There are two very different narratives about the spread of democracy that apparently clash. The positive narrative had been accepted almost everywhere in the world until recently, especially among left liberals, but obviously there is no longer any consensus about it.
Let me back up a bit and start with Samuel Huntington, who famously charted the course of democratization in 1991. He found that democracy has became established in the modern world in three successive waves, each one followed by a reverse wave or slump as some of the democratic countries regressed to authoritarian rule.
The first wave began in Western Europe and North America and lasted from 1826 to 1926. A second, shorter wave occurred after World War II, largely reflecting the end of colonialism. This was followed by another decline of democracy in the 1960s and early 1970s. The third wave — the largest of all — began in 1974 when the Portuguese dictatorship ended and became even stronger after the 1989 collapse of Communism. Only during the past few years have we entered the current post-third-wave reversal of democracy.
The most meticulous counting of democratic states is carried on by Freedom House, an organization that Eleanor Roosevelt (see photo) and Wendell Willkie founded in 1941 to advocate democracy, freedom, and human rights. It supports much research and, for the past 36 years has surveyed all countries, rating each state on two scales — political rights and civil liberties — with 1 representing the most and 7 representing the least freedom. Each country’s score is based on about 200 items, many referring to the Universal Declaration of Human Rights, and is assigned by dozens of analysts and consultants, some in the New York headquarters and some overseas. As a summary measure, it classifies these countries as “free,” “partly free,” or “not free.”
The historic trend is definitely encouraging. In 1900 one could have counted fewer than a dozen democratic countries in the world. In 2007, however, Freedom House rated 92 countries as “free,” while deeming 60 “partly free” and 43 as “not free.”
However, the short term trend is disappointing. According to a report that Freedom House released on July 2, “the year 2007 was marked by a notable setback for global freedom. Furthermore, results for 2007 marked the second consecutive year in which the survey registered a decline in freedom, representing the first two-year setback in the past 15 years.”

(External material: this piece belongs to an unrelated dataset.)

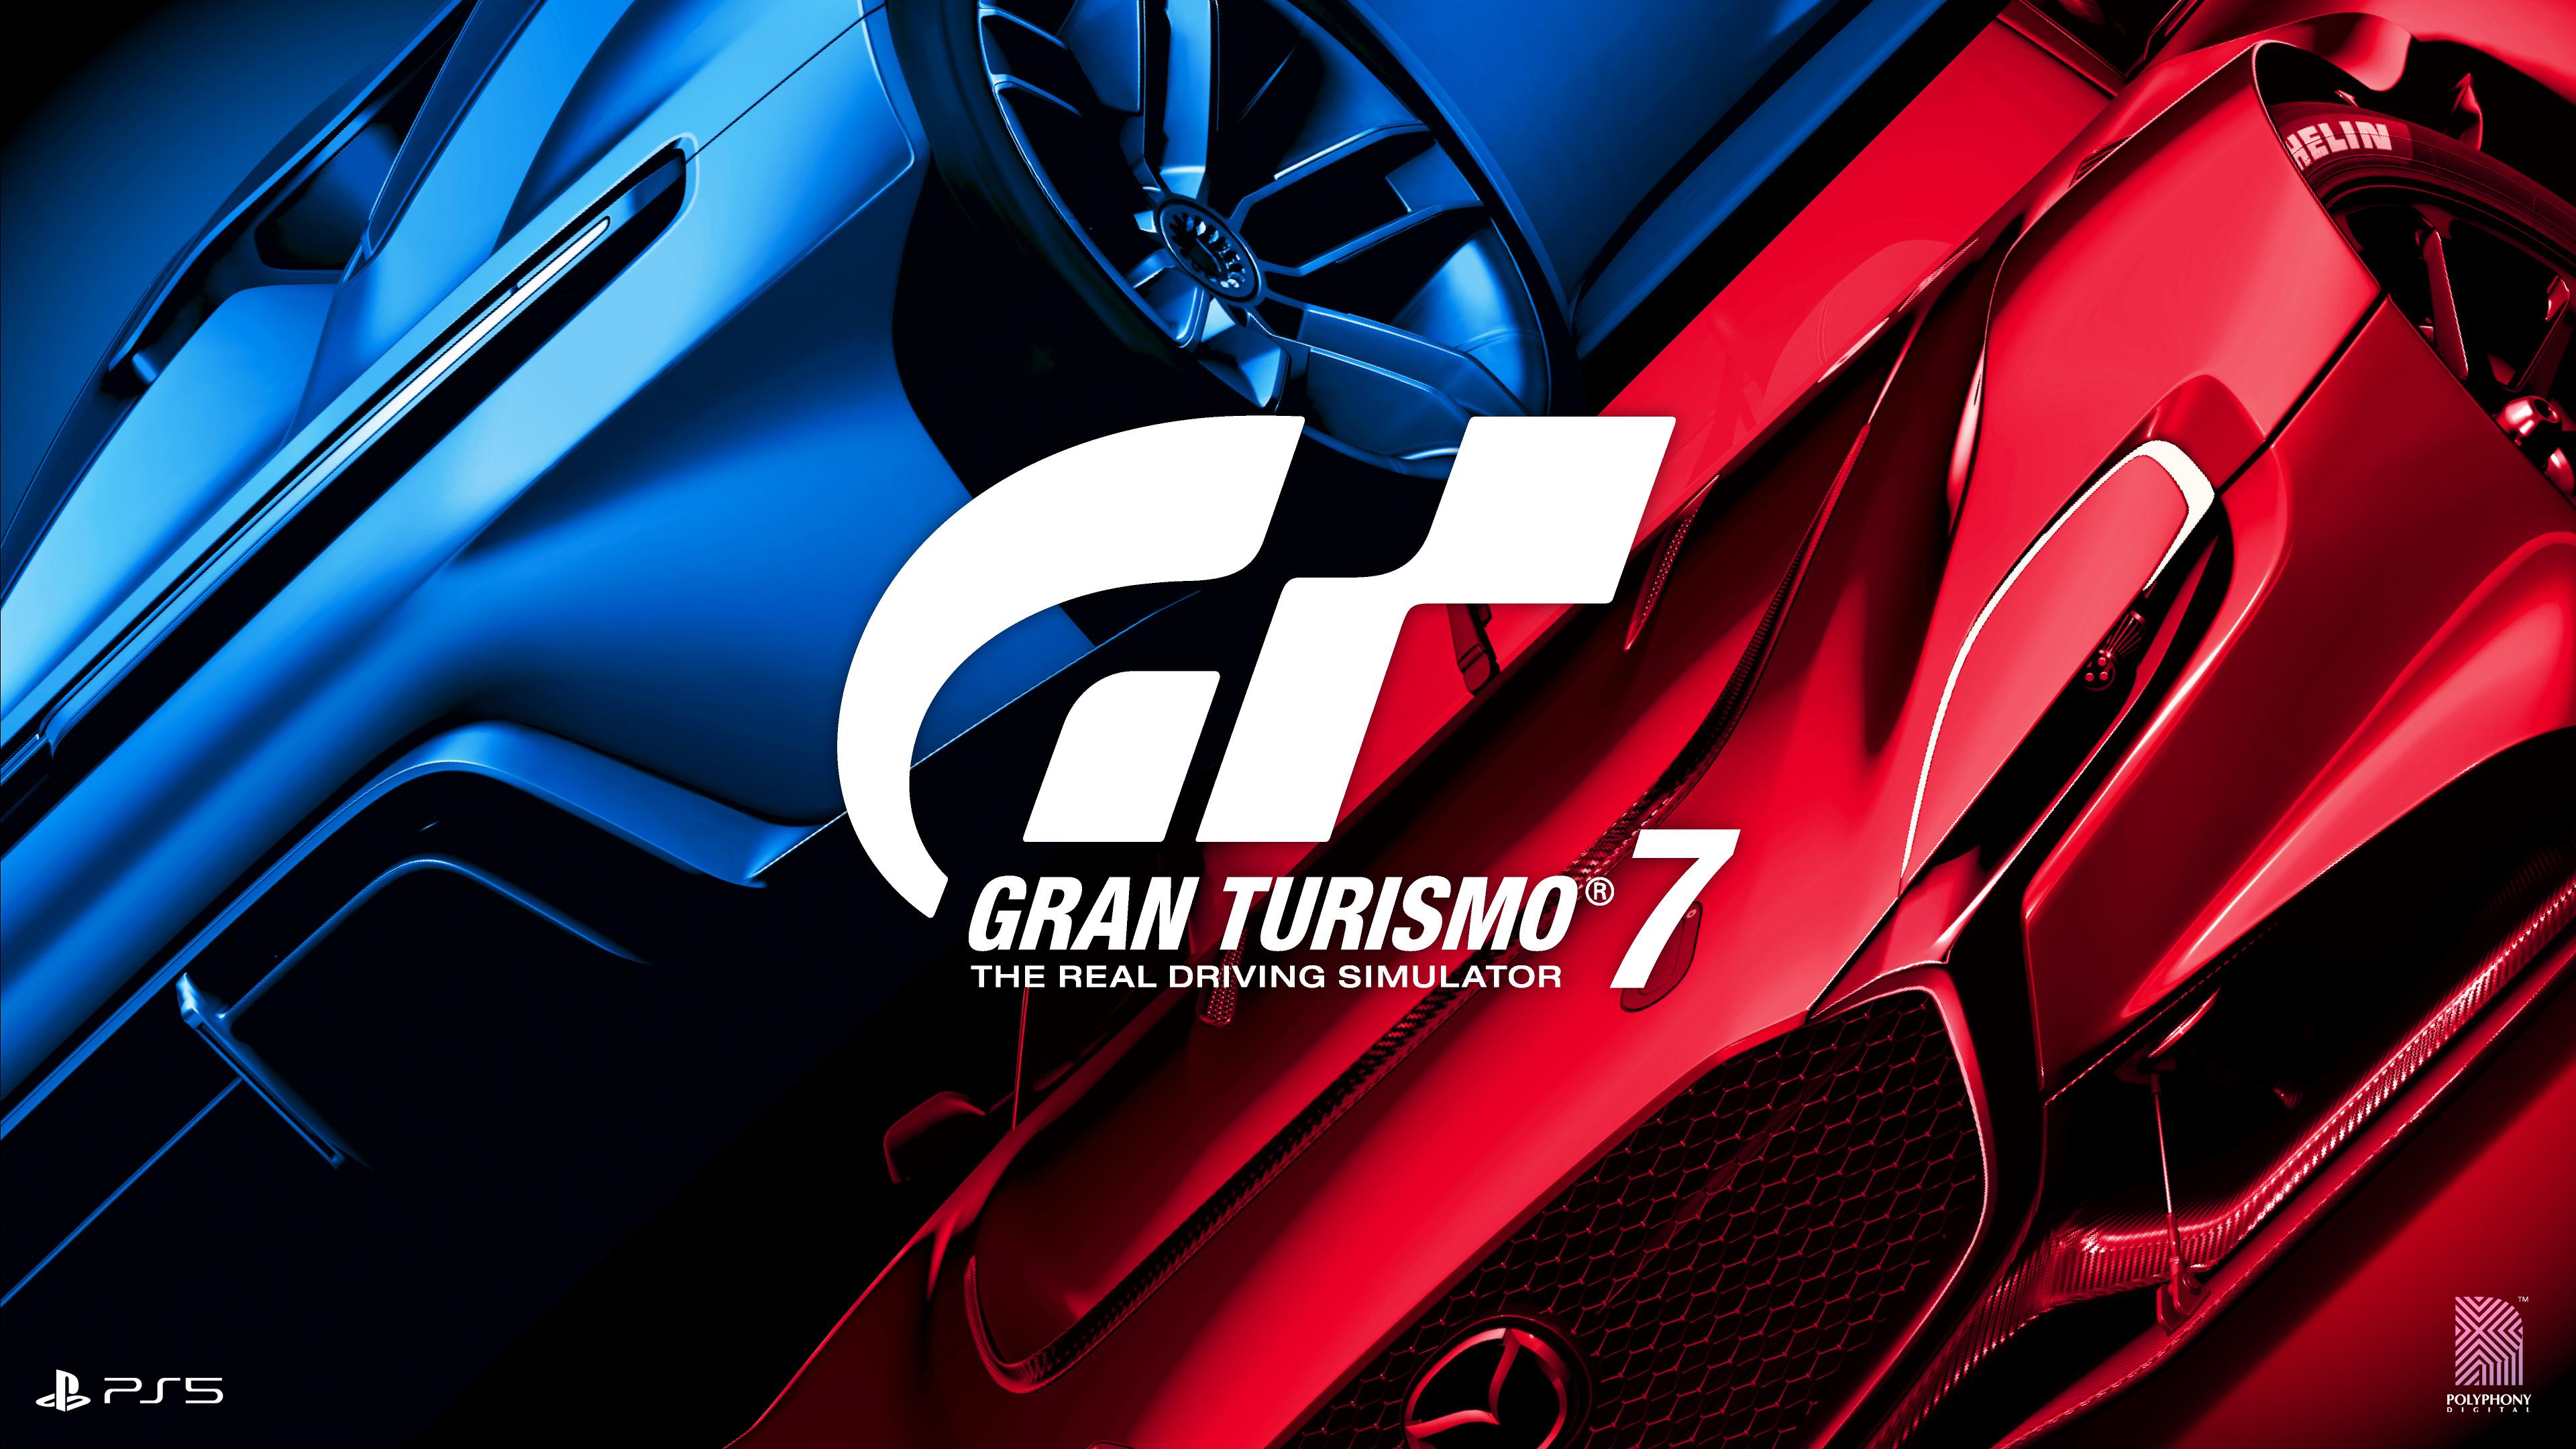 GRAN TURISMO 7 PS5 Cover. Ultra 4K Wallpaper. Enjoy

Moreover, these numerical changes are matched by an ideological shift; democracy is simply not as popular today as fifteen years ago, when Francis Fukuyama announced that it had become the only form of government that is recognized as legitimate world-wide. In those post-Communist years, even the most wretched regimes were calling themselves democratic and hoping no one would notice their violations.
The Case for Democracy
I am a democrat. I will neither disguise my political commitments nor pretend to be neutral when presenting the two contrasting analyses of democracy. The positive narrative is far easier for me to tell than the critical one.
Yet I’ll admit readily that decisions made through democratic procedures are not necessarily wiser than the judgments that dictators make. The United States, for example, has a deservedly bad reputation in the world now because of the ghastly policies of its duly-elected government. (Okay, so Bush Jr. wasn’t really elected democratically. I take back that example. But you will agree that other legitimately elected governments often make mistakes. I’m thinking of the current Canadian government, for instance, which has done little to prevent climate change.)
The reason for preferring democracy is not that the policy outcomes are reliably superior, but rather that it allows for maximum freedom and greatest scope for human rights and political equality. Participating in even an imperfect democracy is better than being subordinate to an authoritarian ruler.
And all democracies are imperfect, to some degree or other. The creation of democratic institutions is a work in progress. The possibilities for improvement are infinite, even in those states that now score 1 on Freedom House’s seven-point rating scheme. Democratization is like going East. If you travel East forever, there will still remain plenty of East ahead of you. Nevertheless, some countries are east of others and some countries are more democratic than others. Such comparative differences matter.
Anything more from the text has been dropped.